The Conversion – Amanda Lohrey

Recommend: No.

So far, ageing has been promising. Growing up as a child, bedtimes become later and later and the day stretches longer in front of you. In teenage years new freedoms are uncovered – is there a more thrilling frontier to conquer than the first MA movie? At university there’s the promise of knowledge and expanding opportunities. Even the working years, where repetition grinds, fill the bank account with the promise of future adventures that were previously unfinanceable. But, with death certainly looming, this upwards trajectory of promise must whittle down at some age threshold. That threshold is where Amanda Lohrey decides to situate The Conversion.

After her husband dies, The Conversion’s narrator pursues a dream that belonged to her husband in the last years of his life: to move out of Sydney and buy a rural, deconsecrated church with the view to renovating the space to a house. The novel swings in and out of the present, with a lot of time spent reviewing the final year of the narrators’ marriage.

This is not the world’s most thrilling premise. In all honesty, I only bought this novel was because her previous, The Labyrinth, was well reviewed. The reason I chose to read it now was because it had large font and I was tired when I pulled it from the bookshelf. I was left asking myself: am I too young for this, or is it just not a very good book? Is old person literature its own genre, one soaked in blandness that will not offend worn out sensibilities?

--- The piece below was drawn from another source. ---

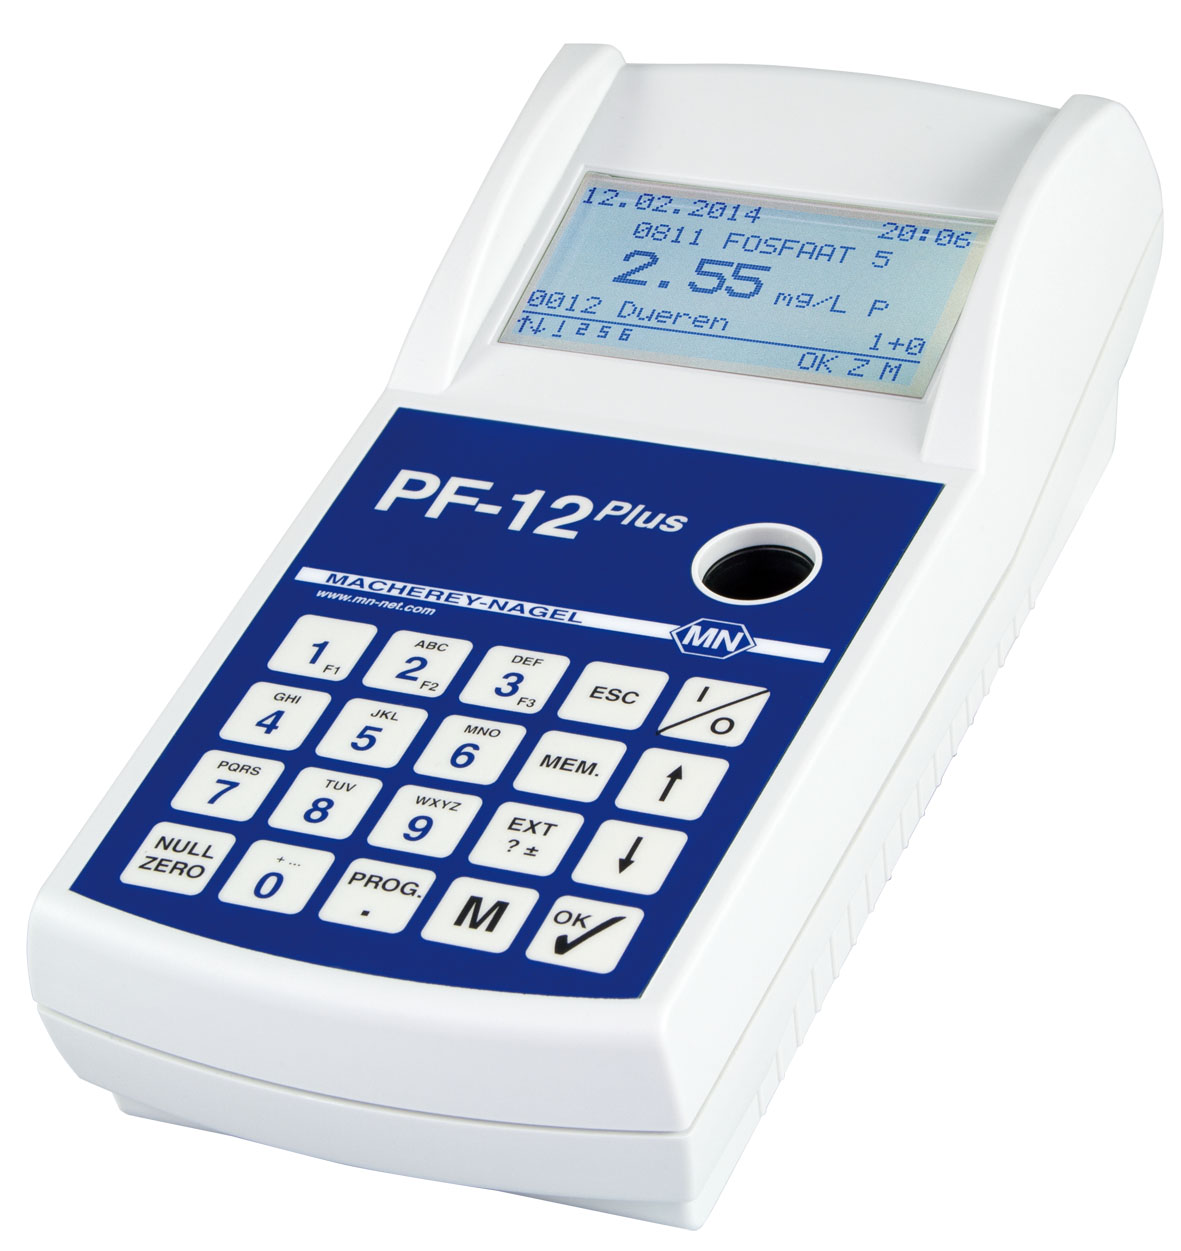 pf-12plus多参数水质分析仪

The writing itself is fine, potentially even good. The evocation of a small village-town on the fringes of a larger regional hub was calming. There were the hallmarks of inland NSW: rivers, drying fields, highways. Periphery characters allowed for a welcome change of perspective away from the narrators’ stifling stiffness. I did warm to a random side character that is a passionate (unhinged) high school drama teacher and then runs away (/converts) to a cult – sign me up to her spin off.

These pleasing components never add up to much though. The narrator is cold and, I’ll just say it, boring. Her husband is dead. She’s moved somewhere isolated. She has re-entered the workforce. That’s all fine. That’s almost interesting. But, by God, if I have to read one more paragraph on her ruminations of stained glass windows I think I will burn the book. The book is overfilled with quasi-intellectual discussions of space and religion, without any personal connection to weigh it down. Both the narrator and her husband are deeply unlikeable and there is no sense of a shared love between them. I suppose the narrator is meant to be grieving but could she maybe do it in a more interesting way than thinking about how “vertical space” can be translated into “horizontal space”.

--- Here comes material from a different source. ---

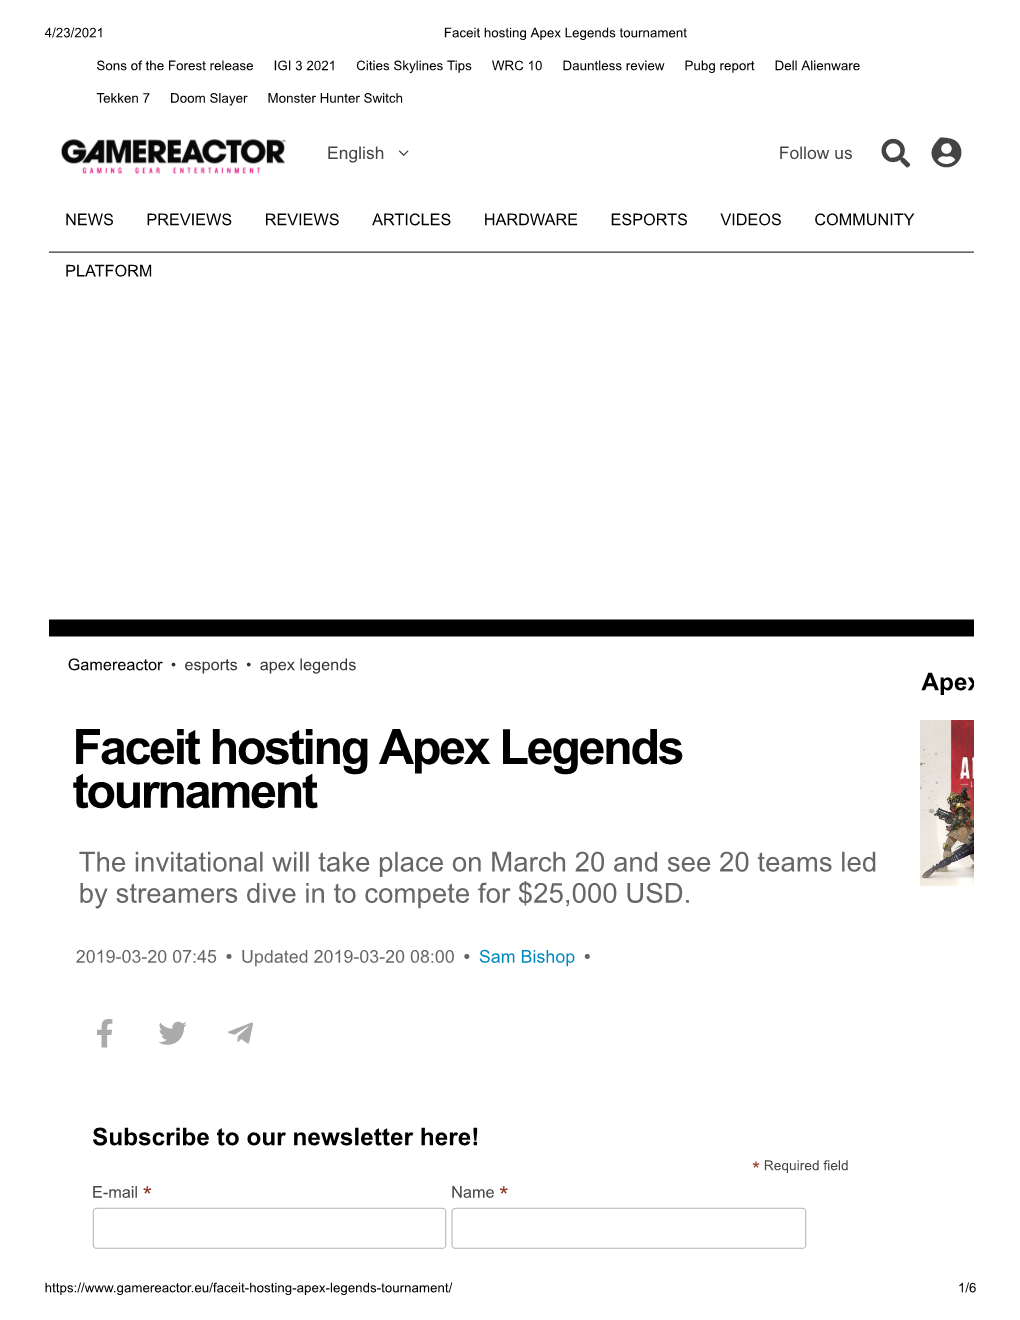 Faceit Hosting Apex Legends Tournament

There’s also a really odd treatment of sex that was very off-putting. At one point a childhood friend of the narrator stays with her overnight at the church (just one big shared room) and she hears him wanking at night (in the big shared room) and it’s not treated as a big deal. Weird. To be honest, I found it a bit hard to recover from that scene. Is this behaviour just totally unremarkable when you get older?

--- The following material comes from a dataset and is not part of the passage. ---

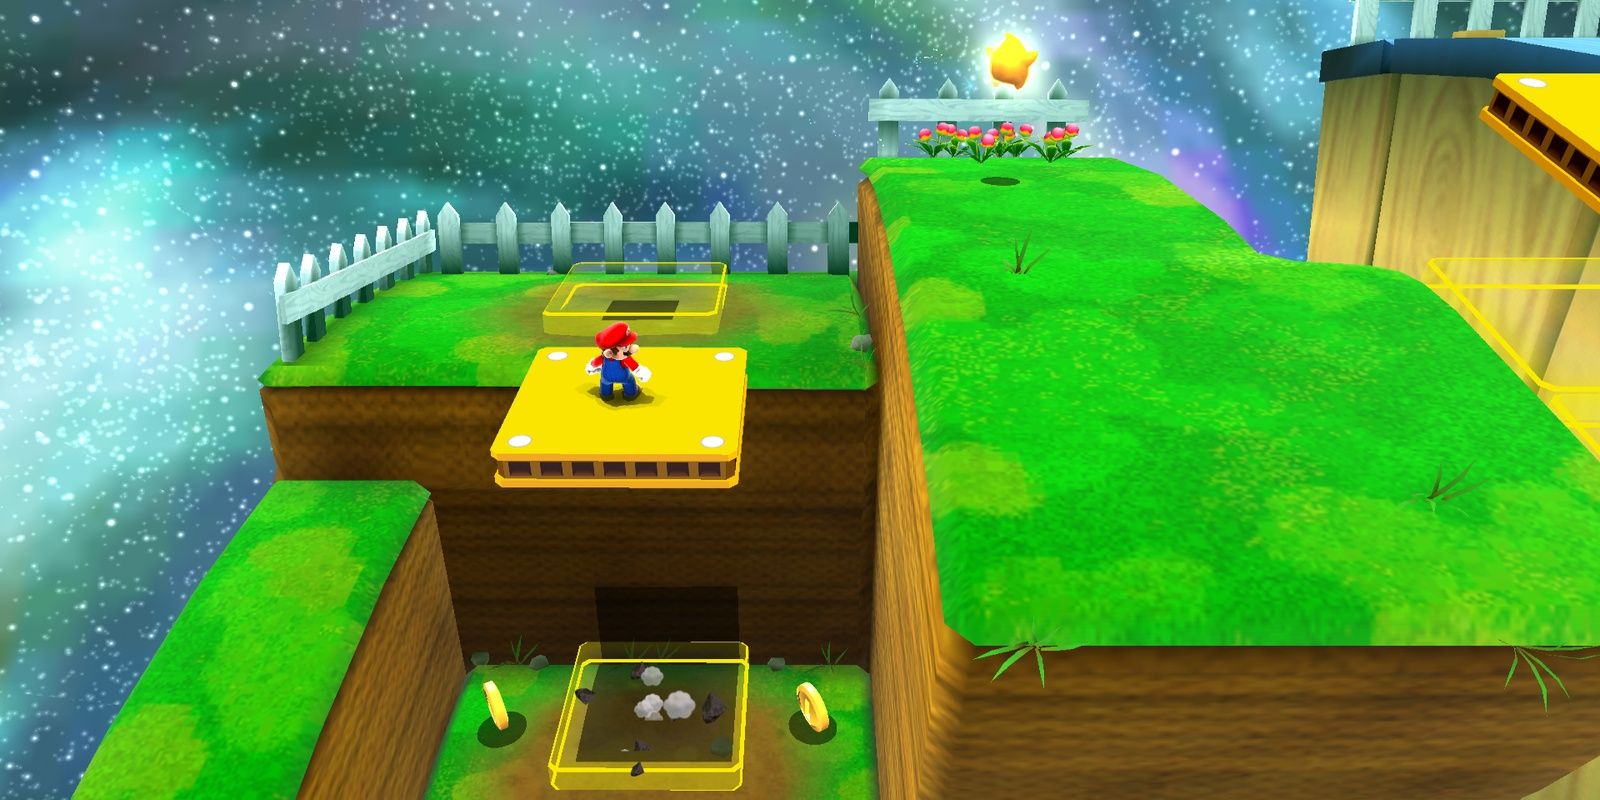 Sky Station Galaxy in Super Mario Galaxy 2

It’s never all that clear what “Conversion” Amanda Lohrey is focussing on. Is the narrator converting religiously? Is she converting real estate? Is she converting into the next stage of her life? This misdirect gleans all the more luminescent given how clean the prose is. Metaphors are few and far between. Dialogue is to the point. Such a barren style needs a clear thematic purpose, but Lohrey won’t commit. And I wont convert.